Publications & Conferences
Submitted: Yuxin Yang, Gangda Deng, Ömer Faruk Akgül, Nima Chitsazan, Yash Govilkar, Akasha Tigalappanavara, Shi-Xiong Zhang, Sambit Sahu, Viktor Prasanna. SPARC-RAG: Adaptive Sequential–Parallel Scaling with Context Management for Retrieval-Augmented Generation. ACL, 2026 (under review).

Yuxin Yang is a 3rd year PhD student. Poster presentation at the USC–Capital One CREDIF Research Symposium 2025

Benchmarks for Symbolic and Logical Reasoning Abilities of LLMs

PI : Jyo Deshmukh, Associate Professor Computer Science
‍Capital One Fellow Student: Yuan Xia (PhD Student)

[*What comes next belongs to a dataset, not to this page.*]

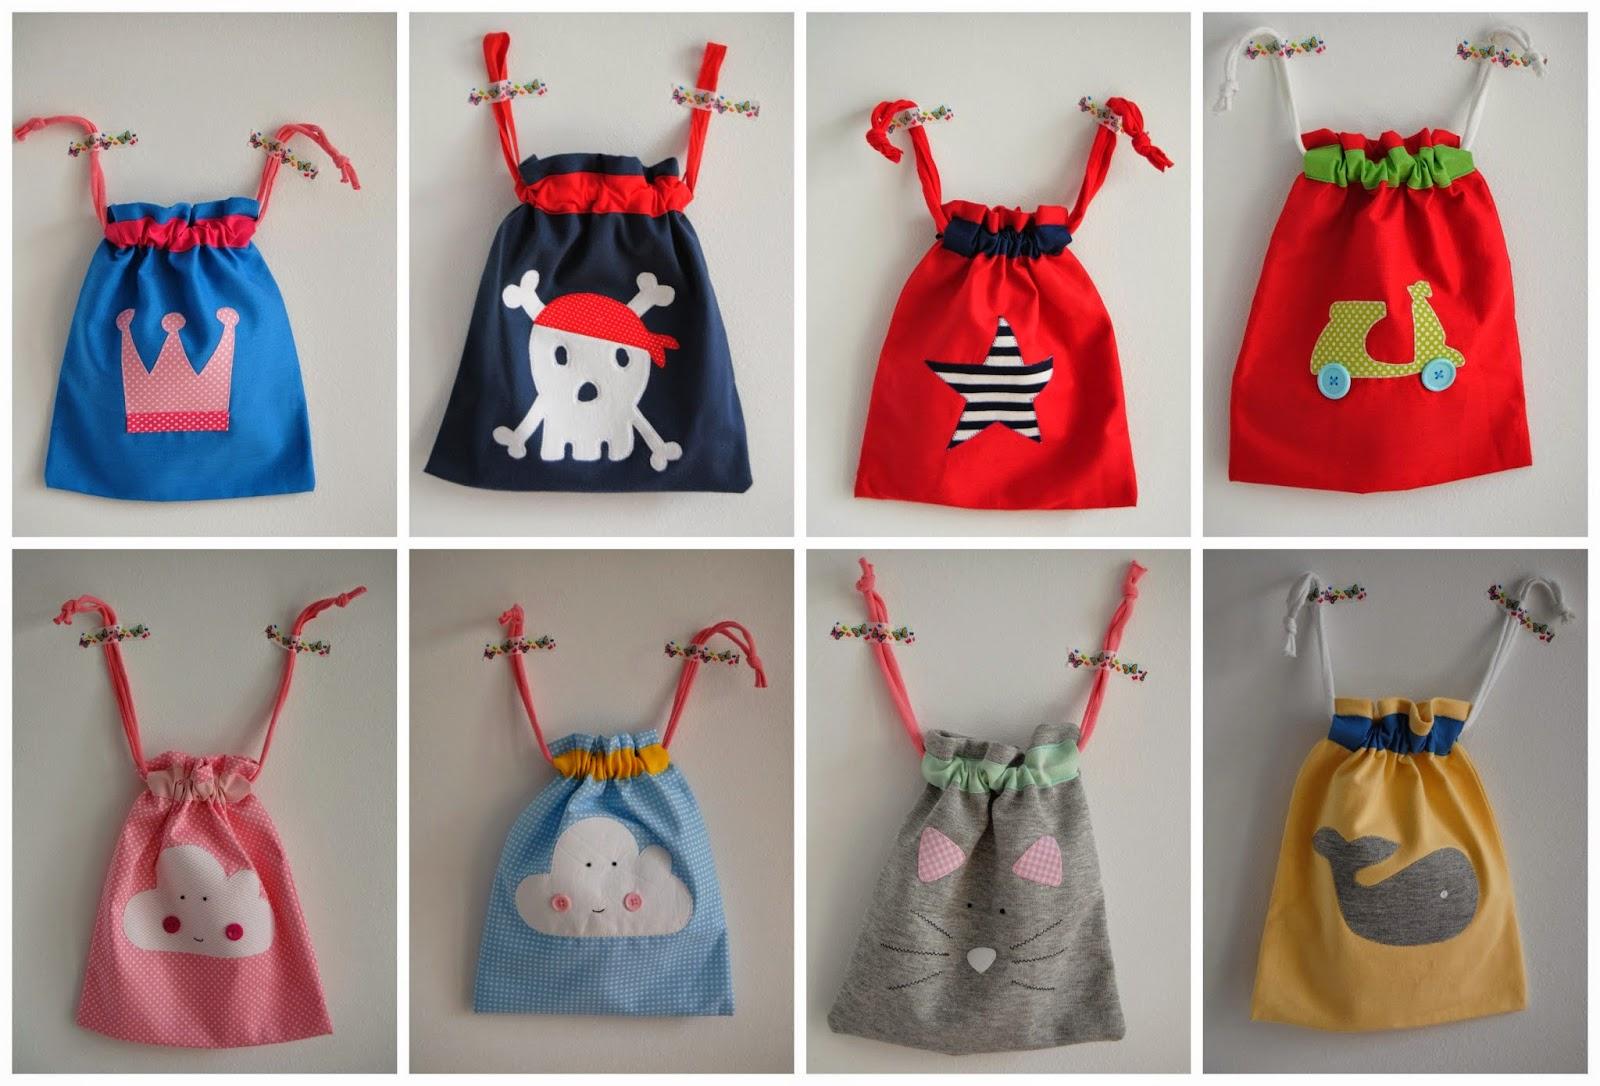 Carlotalota bolsas para la ropa del cole - Bolsas para ropa ...

Large Language Models (LLMs) have demonstrated remarkable abilities in language understanding and generation. Their ability to produce complex and structured answers to many types of queries has led to several claims about their reasoning abilities. Several benchmark problems have been constructed that claim to demonstrate that LLMs can reason while skeptics have argued through handcrafted examples and theoretical arguments that LLMs cannot reason. In this project, we focus on the problem of a systematically generating benchmarks for logical reasoning tasks centered around producing proofs for statements in a formal logic system with the goal of quantifying how well an LLM can reason. Our work is summarized as follows: We will divide our proposed work into three tasks: (1) We will systematically generate synthetic data containing valid propositional logic formulas and their proofs using a fixed set of axioms and inference rules, sample the synthetic data to obtain few-shot examples, and prompt the LLM with these to produce proofs of validity of a propositional logic formula. (2) We will extend the work in Task 1 to logical statements over decidable theories and use randomly sampled valid formulas and proof traces from SMT solvers as few-shot examples. (3) We will quantify the LLM’s ability to reason over multiple types of examples using an epistemic logic; this will enable quantifying reasoning abilities of ensemble approaches that use prompt routers for complex reasoning tasks.